Most Americans take time to reflect on the meaning of independence and the sacrifice of the founding generation of Americans around the 4th of July or on their summer vacations visiting Colonial Williamsburg, Independence Hall, or Boston’s Freedom Trail. However, the story of the American Revolution is best told in the freezing days of winter. As the mid-Atlantic region of the United States hunkers down during a blizzard in 2016, it does well to remember what was the absolute worst winter in the 18th century: the “hard winter” of 1779-1780.
The winter that year was bad. Over the course of the winter, New Jersey had twenty six snowstorms and six of those were blizzards! Every saltwater inlet from North Carolina to Canada froze over completely. In fact, New York Harbor froze over with ice so thick that British soldiers were able to march from Manhattan to Staten Island.
George Washington decided to place his army at Morristown, New Jersey for winter quarters. When they arrived at the encampment site in November 1779 there was already a foot of snow on the ground. Some snowfalls dropped more than four feet of snow with snow drifts over six feet. The temperature only made it above freezing a couple times in the whole winter. Officers remembered ink freezing in their quill pens and one surgeon recorded that “we experienced one of the most tremendous snowstorms ever remembered; no man could endure its violence many minutes without danger to his life. … When the storm subsided, the snow was from four to six feet deep, obscuring the very traces of the roads by covering fences that lined them.”
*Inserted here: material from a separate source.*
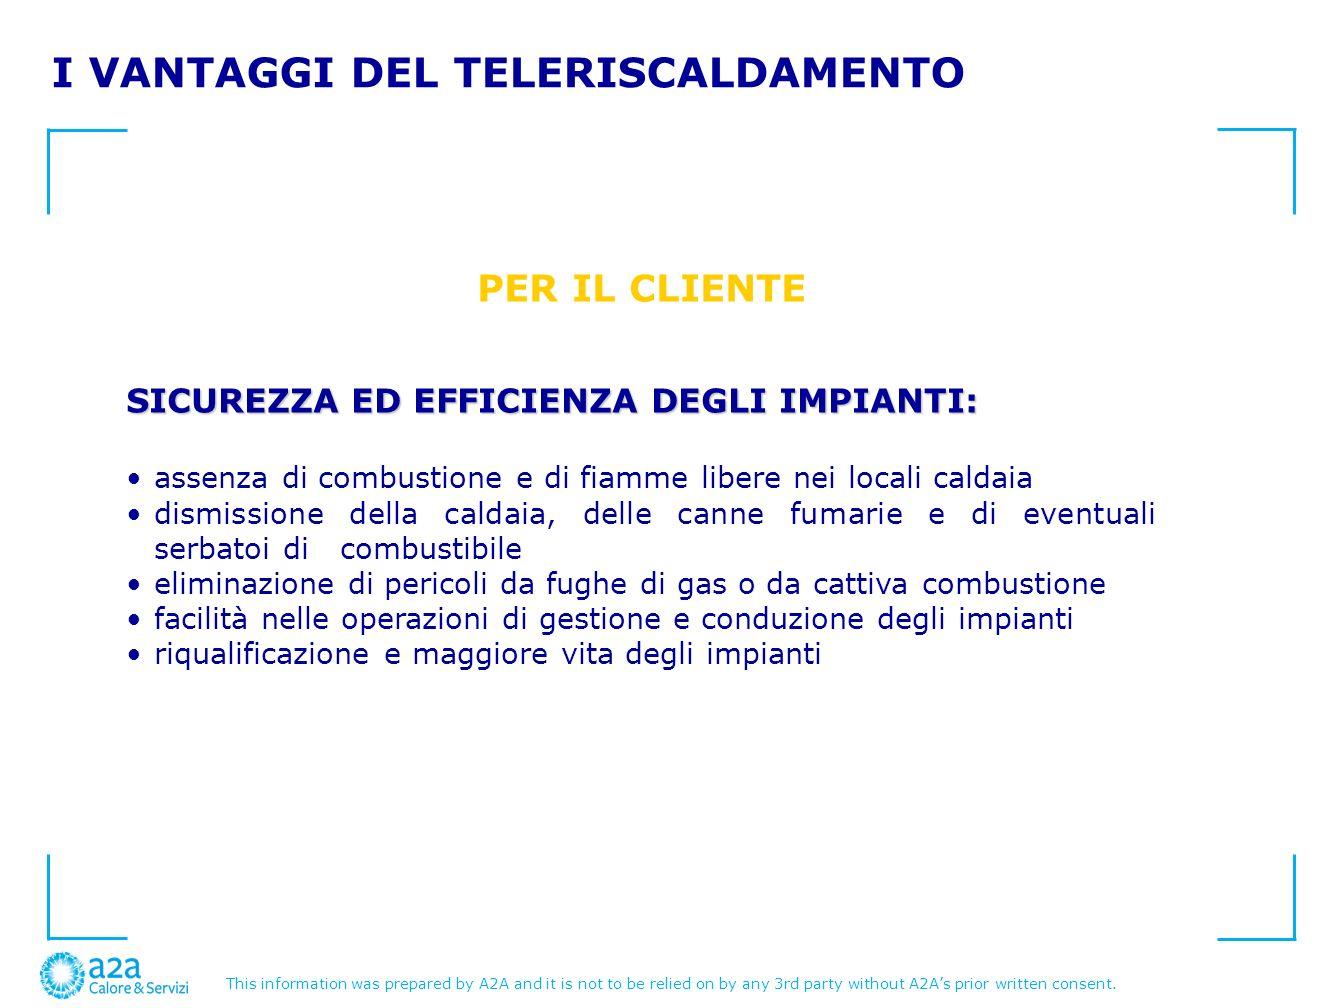 I VANTAGGI DEL TELERISCALDAMENTO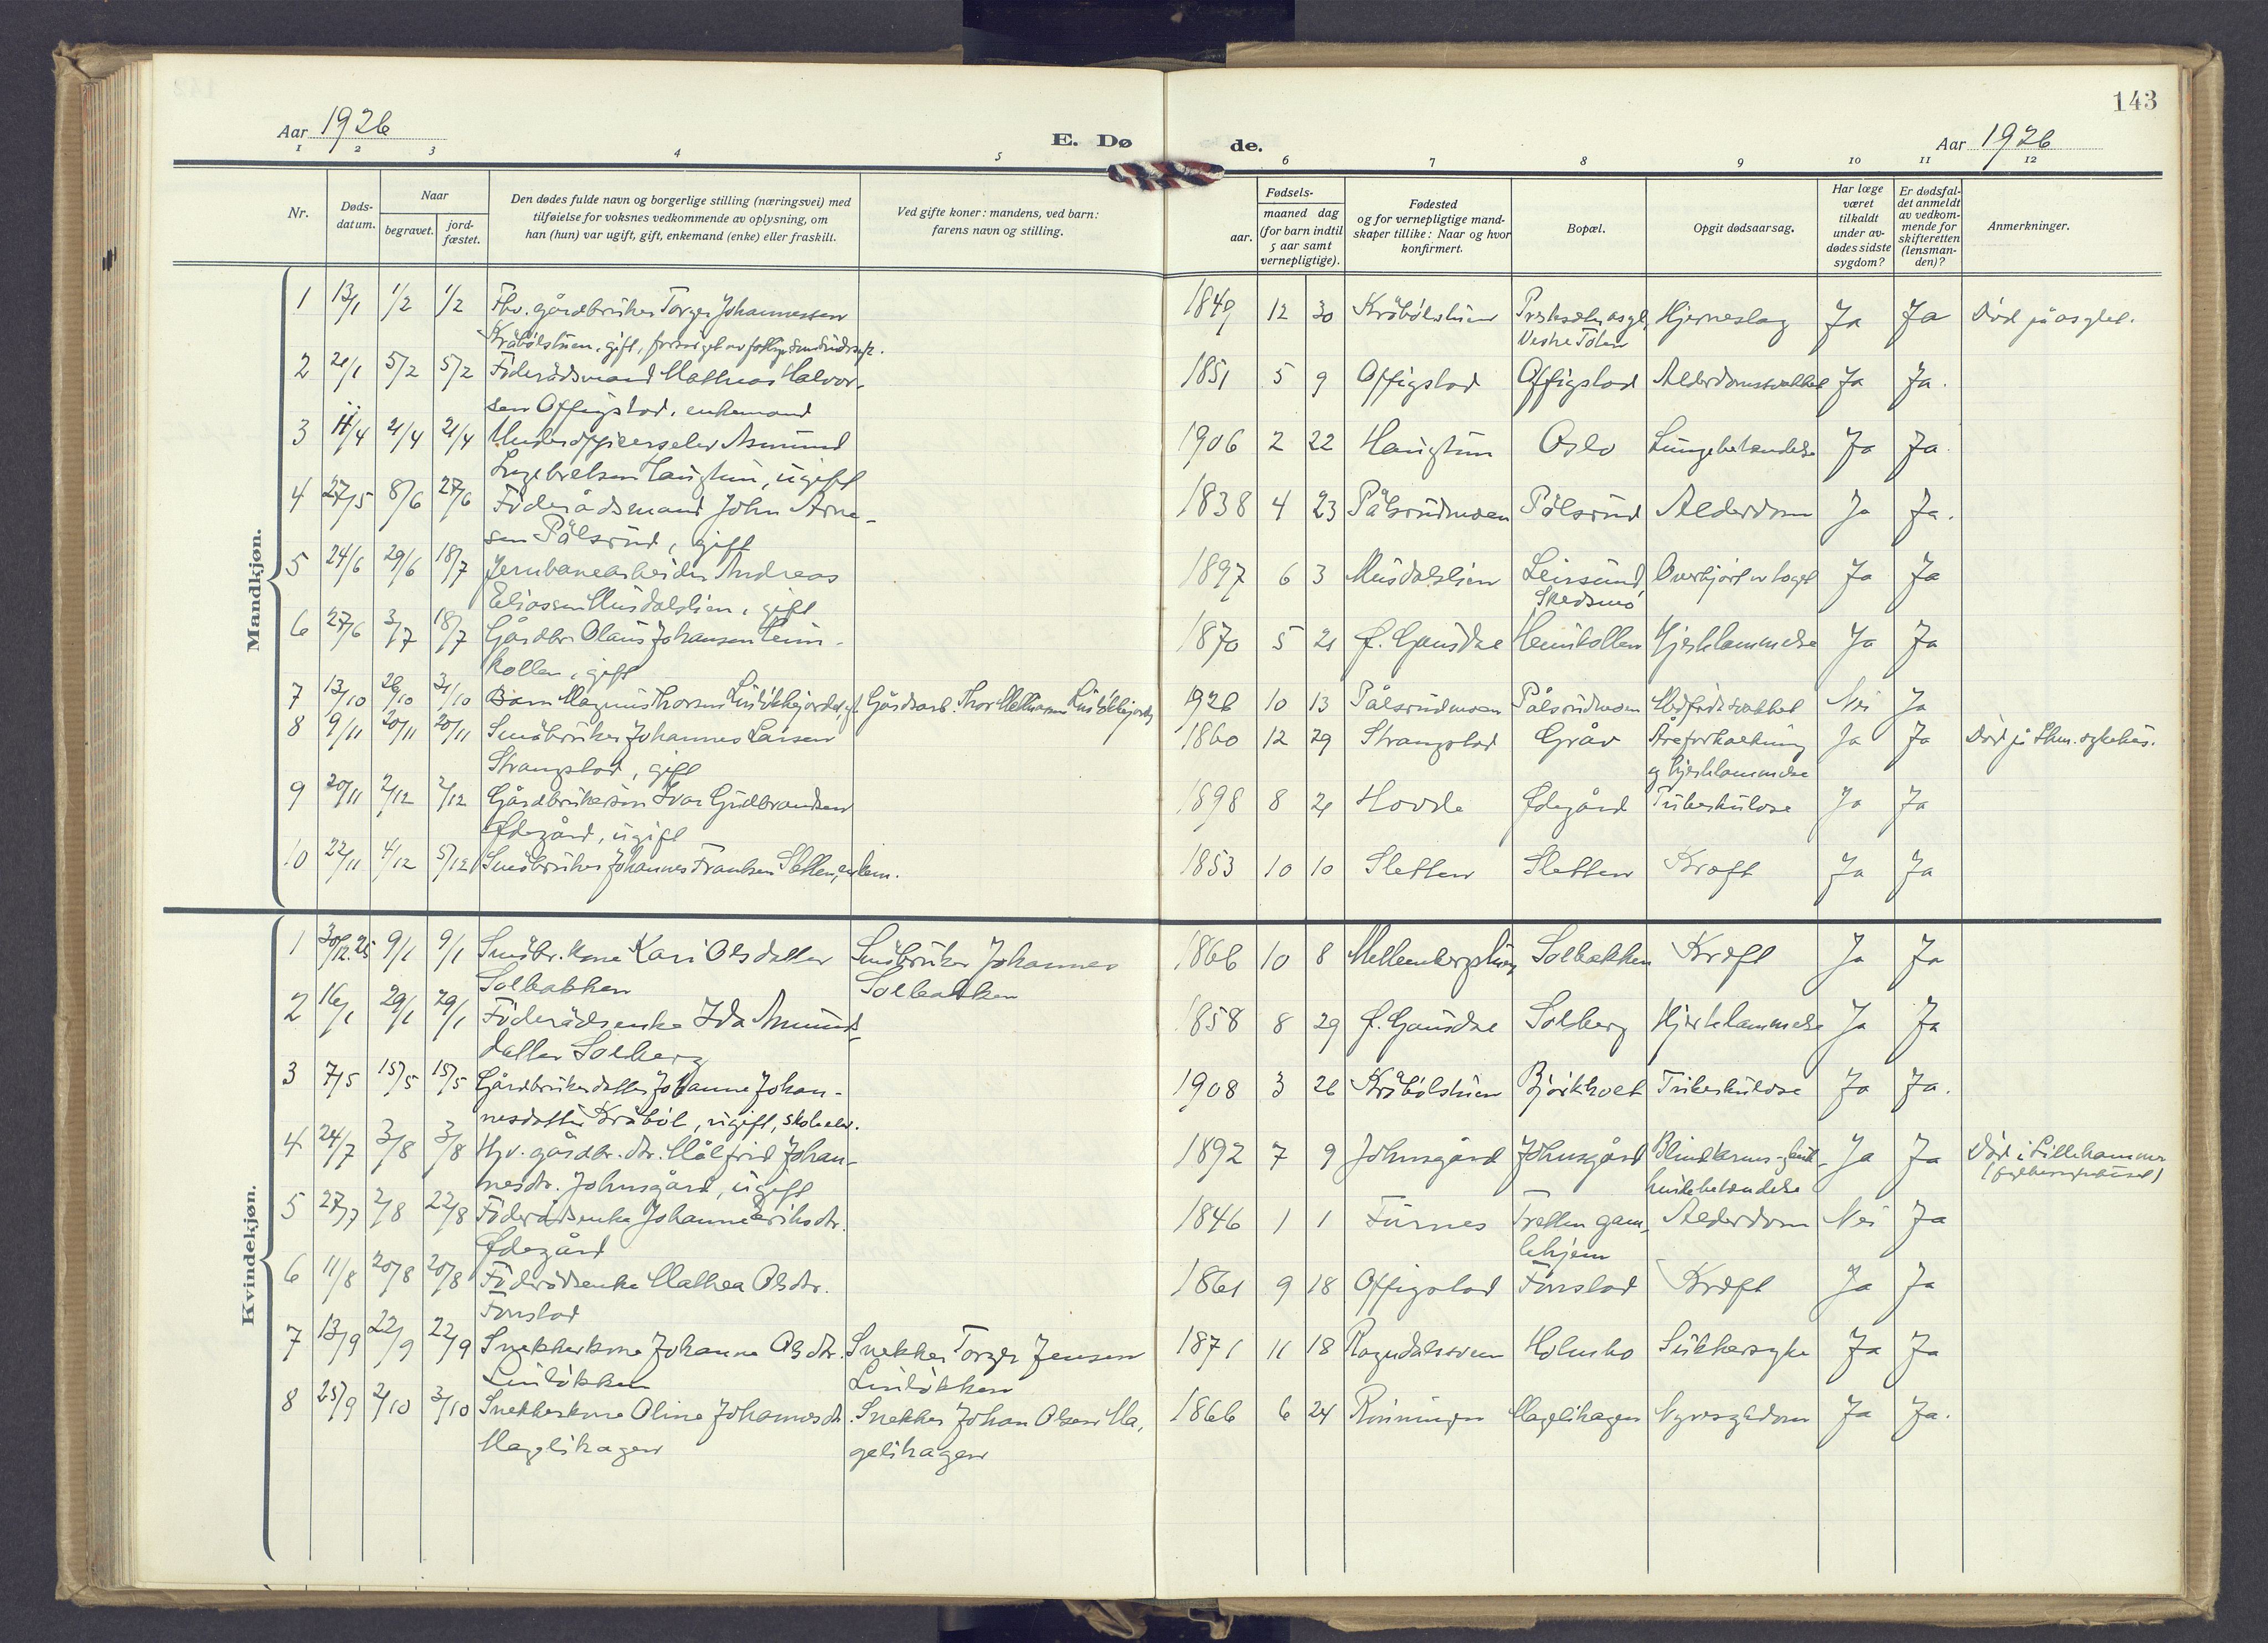 SAH, Øyer prestekontor, Ministerialbok nr. 14, 1919-1932, s. 143

Because of the severity of the winter, provisioning almost 10,000 soldiers was nearly impossible. A soldier in the Connecticut Line, Joseph Plumb Martin remembered “We were absolutely literally starved; – I do solemnly declare that I did not put a single morsel of victuals into my mouth for four days and as many nights, except for a little black birch bark which I gnawed off a stick of wood, if that can be called victuals. I saw several of the men roast their old shoes and eat them, and I was afterward informed by one of the officer’s waiters, that some of the officers killed and ate a favorite little dog that belonged to one of them.”
Even General Washington noted after the winter that “The oldest people now living in this Country do not remember so hard a winter as the one we are now emerging from. In a word the severity of the frost exceeded anything of the kind that had ever been experienced in this climate before.” This came from the man who had suffered the terrible winter of 1776-1777 when his army had to cross an ice-choked Delaware River and who had witnessed thousands of his men die in the freezing winter of 1777-1778 at Valley Forge.
Despite the severity of this “hard winter” in 1779-1780 at Morristown, Americans tend to think that Valley Forge was the worst winter of the war. This probably has to do with the fact more soldiers died of disease at Valley Forge than at Morristown. While about 2,000 soldiers perished at Valley Forge, ‘only’ about 100 died at Morristown. Also, the Continental army underwent an amazing transformation at Valley Forge, becoming a professional army. The Morristown encampment, however, resulted in angry and hungry soldiers causing a mutiny that had to be put down. Joseph Plumb Martin remembered how he and his fellow soldiers were “venting our spleen at our country and government, then at our officers, and then at ourselves for our imbecility in staying there and starving in detail for an ungrateful people who did not care what became of us, so they could enjoy themselves while we were keeping a cruel enemy from them.”
So this winter, as you dig out your driveway or your car over the next few days, take a moment and imagine what the soldiers in Washington’s army had to endure at Morristown in 1779-1780. Next time you are in New Jersey or New York City make a point to visit the site of that encampment preserved by the National Park Service. Visiting on a cold day will give you a small taste of the elements they endured. These soldiers’ dedication to duty helped keep the light of liberty alive through an extremely “hard winter.”